■ **SOURCE RECORDS**:
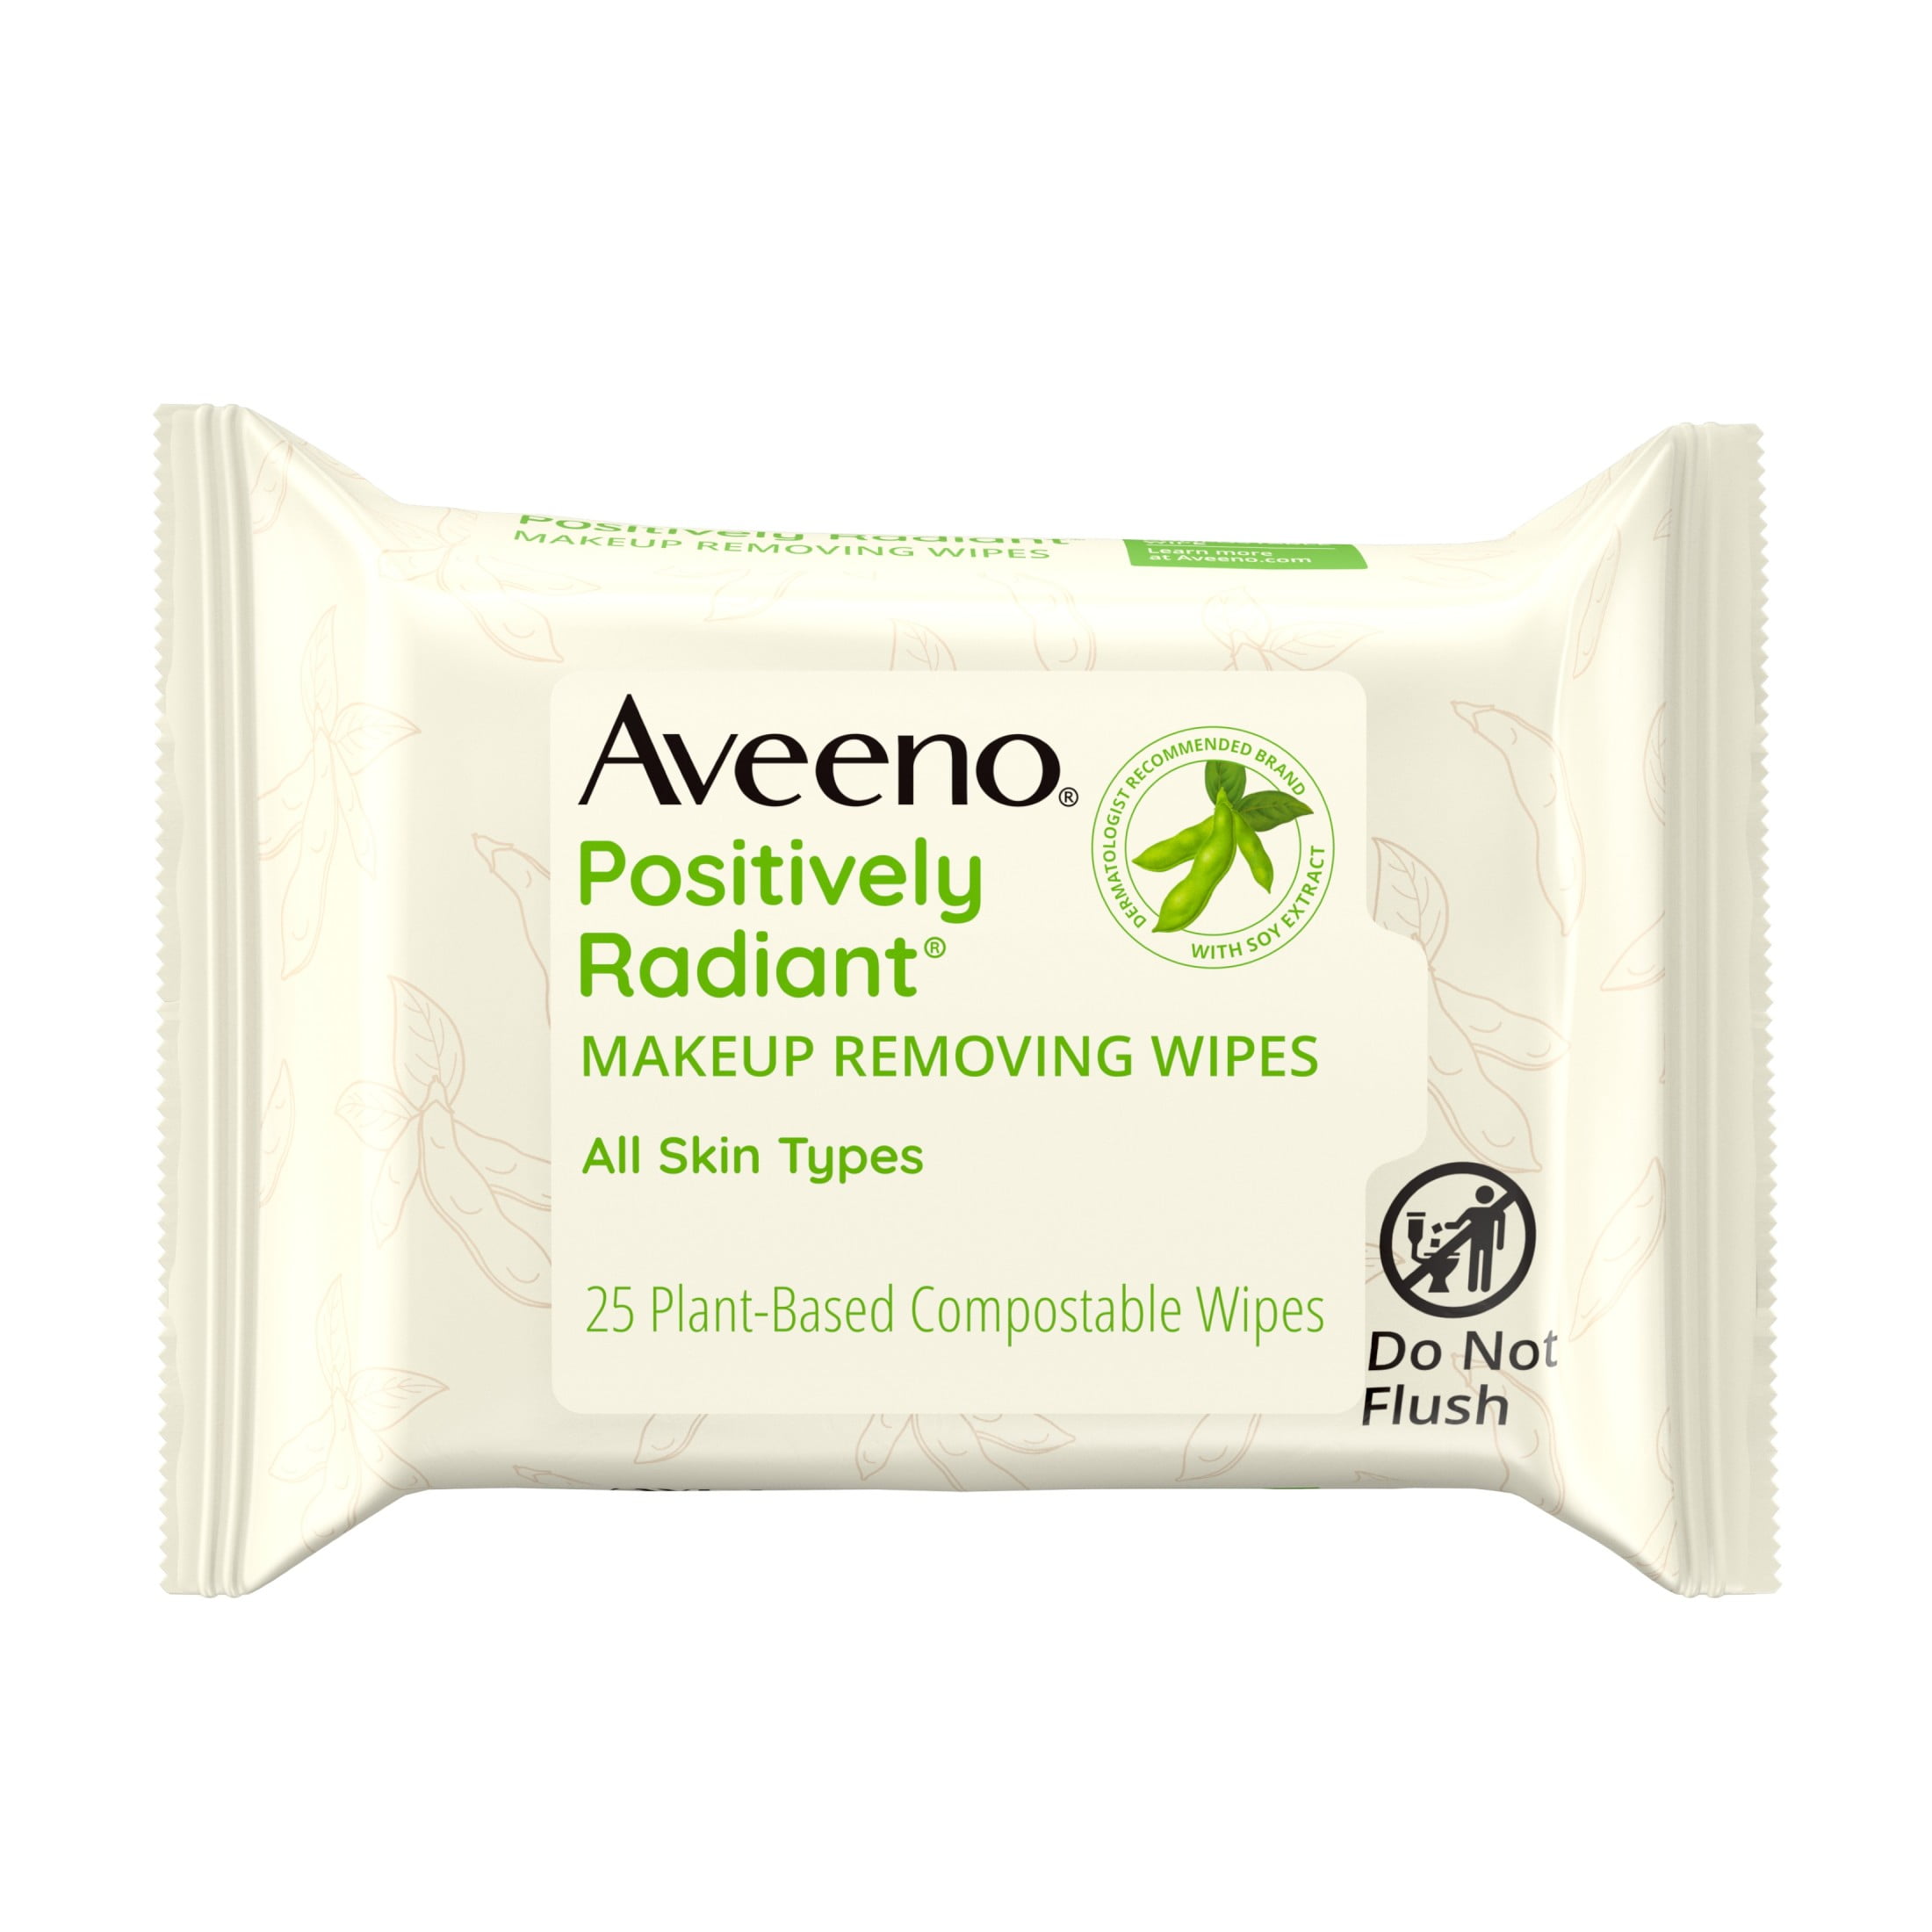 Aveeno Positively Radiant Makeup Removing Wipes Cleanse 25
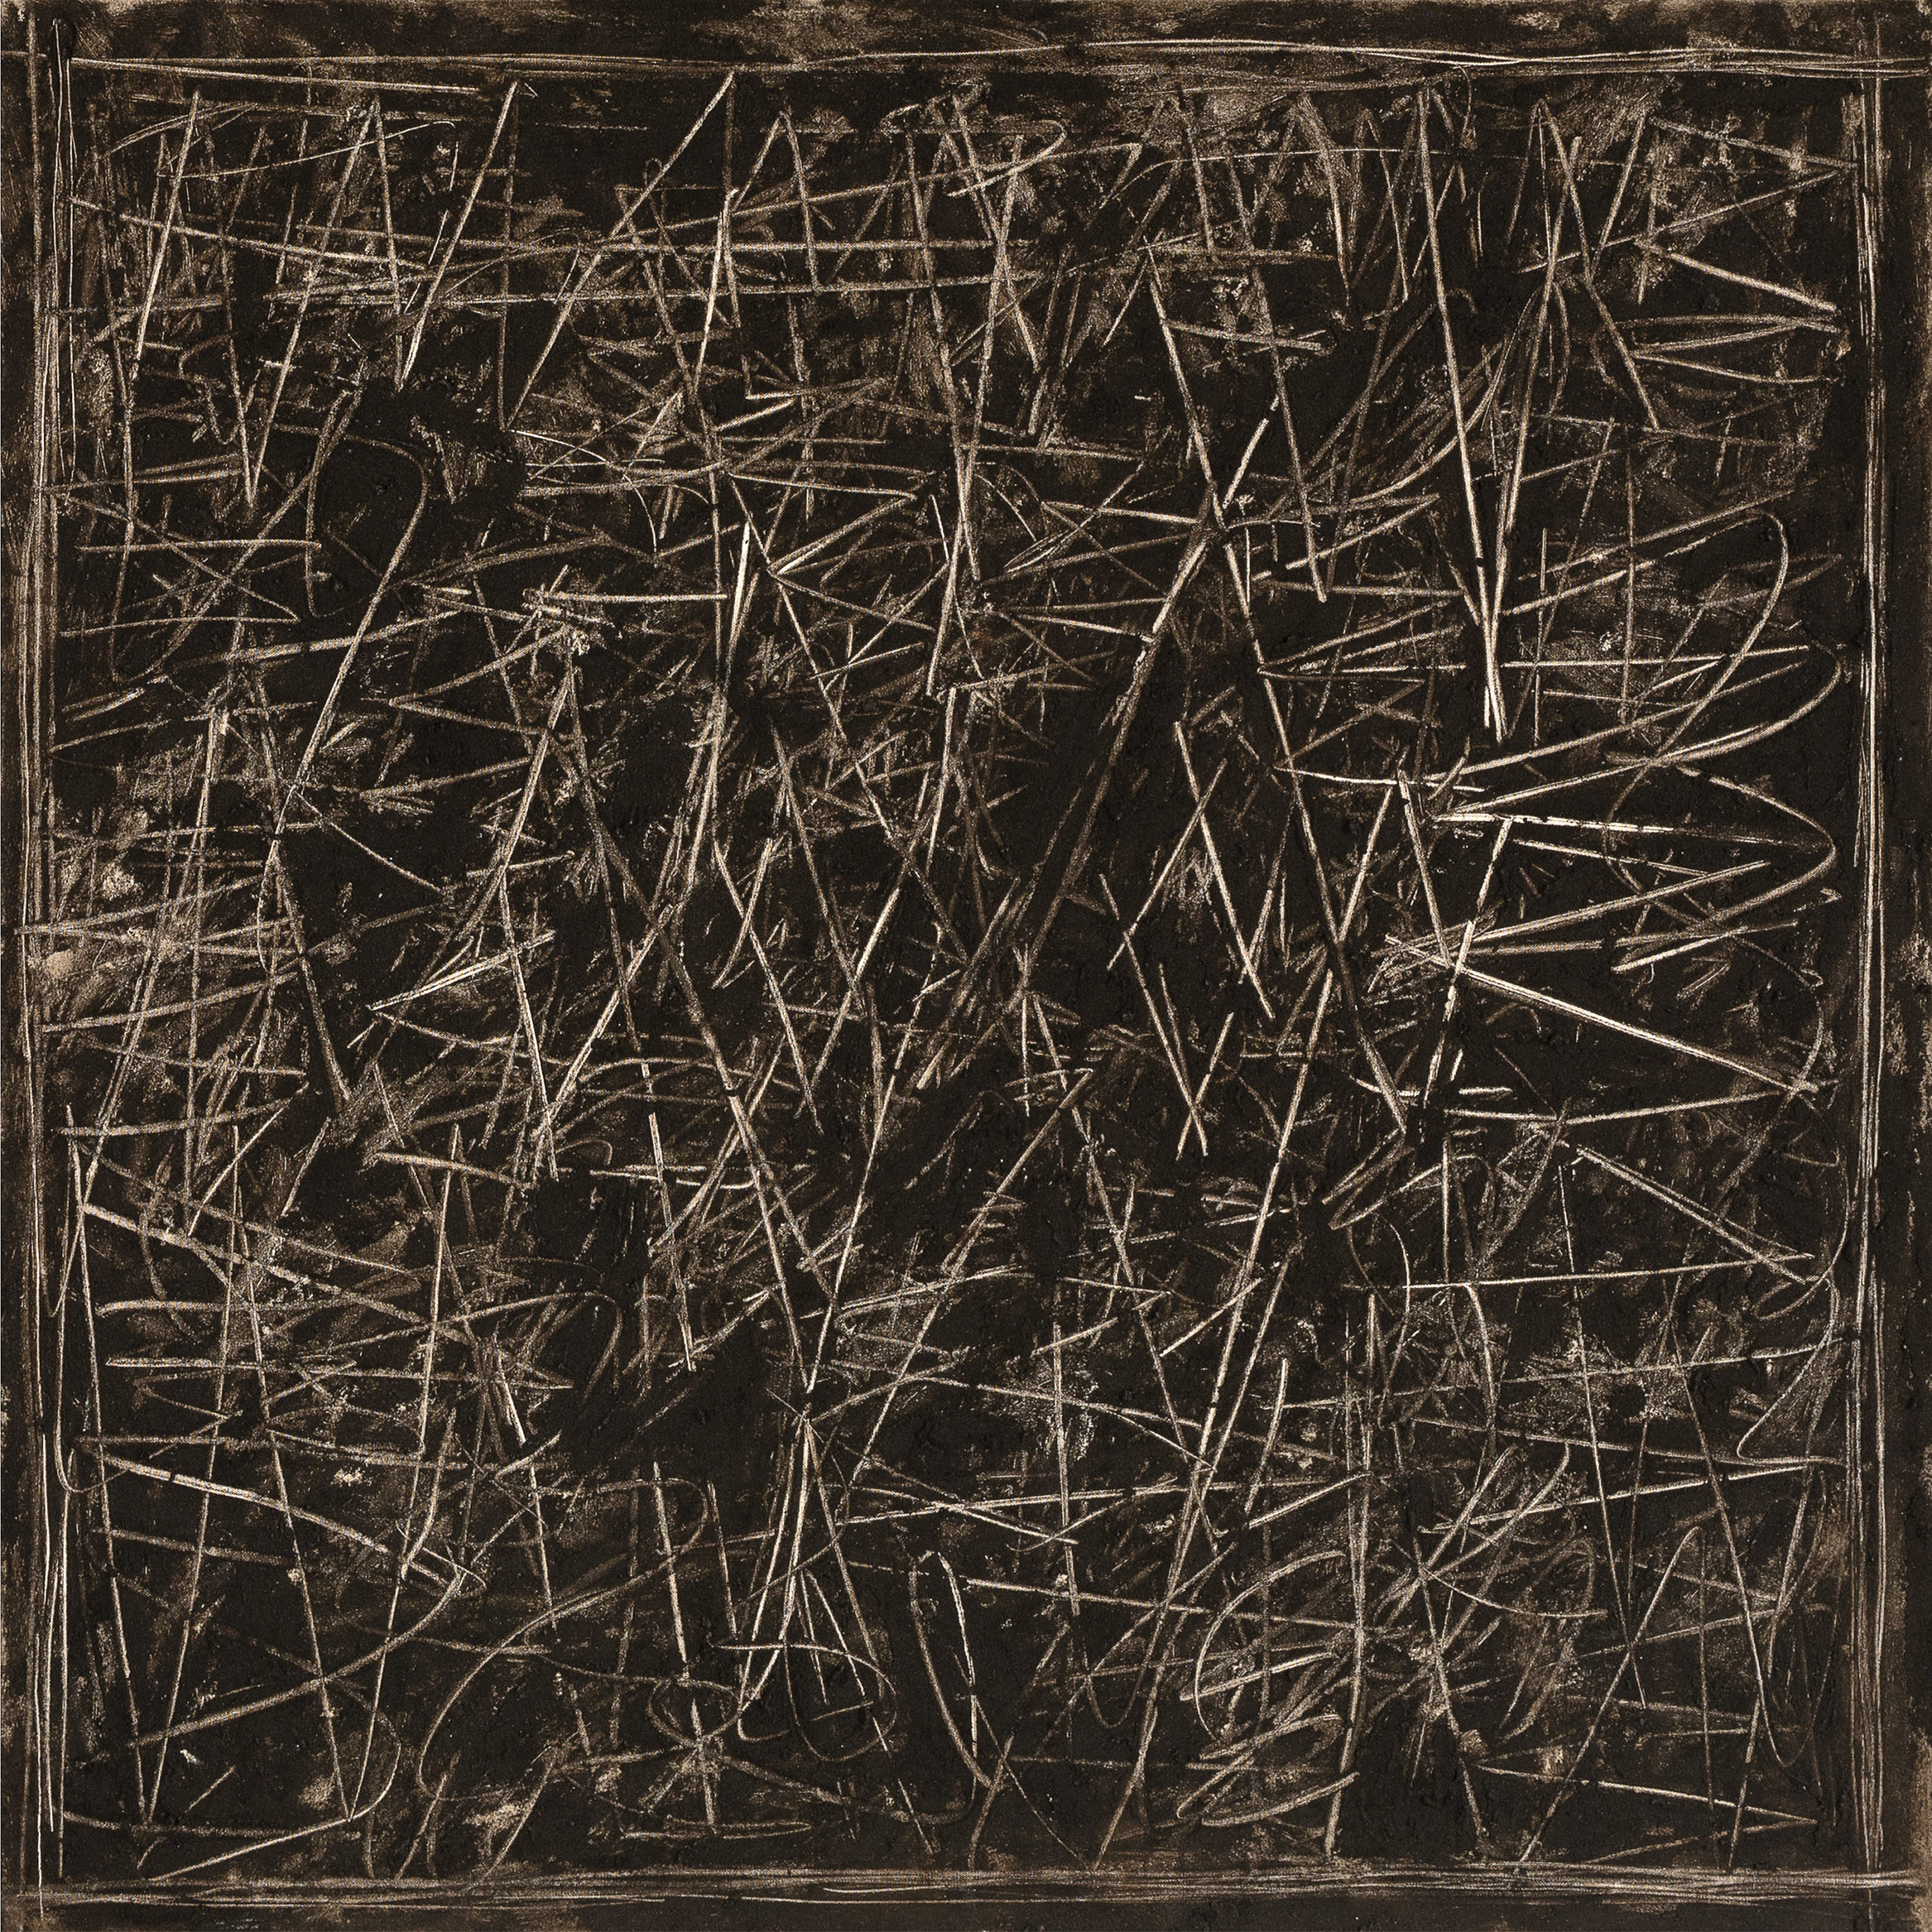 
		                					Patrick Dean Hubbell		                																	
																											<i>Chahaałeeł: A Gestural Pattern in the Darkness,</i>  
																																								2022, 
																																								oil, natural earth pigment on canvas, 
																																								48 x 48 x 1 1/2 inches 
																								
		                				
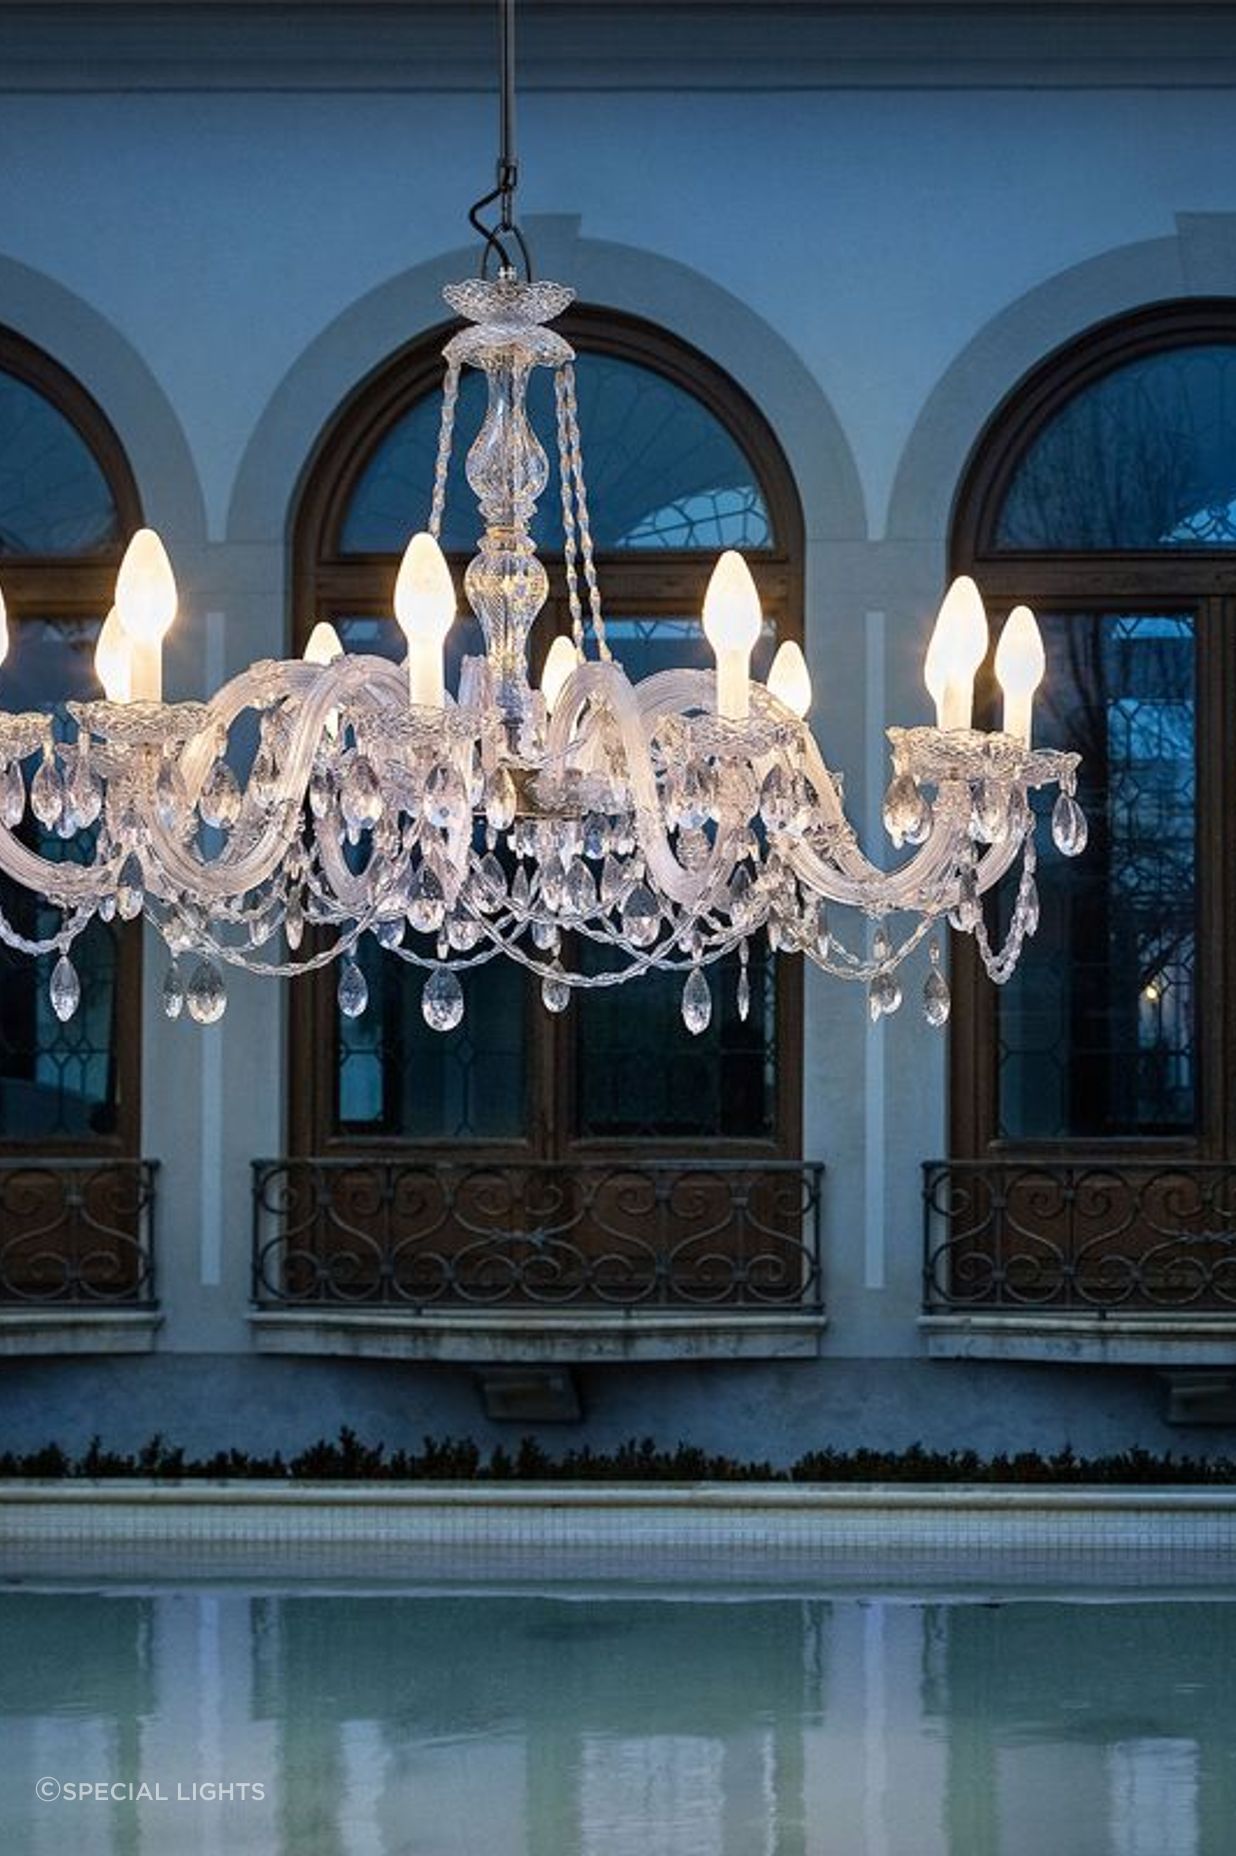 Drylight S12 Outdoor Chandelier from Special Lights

■ **PROBLEM TO SOLVE**:
The full listing, reproduced exactly and without pictures, is the expected output.

■ **YOUR RESPONSE**:
 Aveeno Positively Radiant Makeup Removing Wipes Cleanse 25
		                					Patrick Dean Hubbell		                																	
																											<i>Chahaałeeł: A Gestural Pattern in the Darkness,</i>  
																																								2022, 
																																								oil, natural earth pigment on canvas, 
																																								48 x 48 x 1 1/2 inches 
																								
		                				
 Drylight S12 Outdoor Chandelier from Special Lights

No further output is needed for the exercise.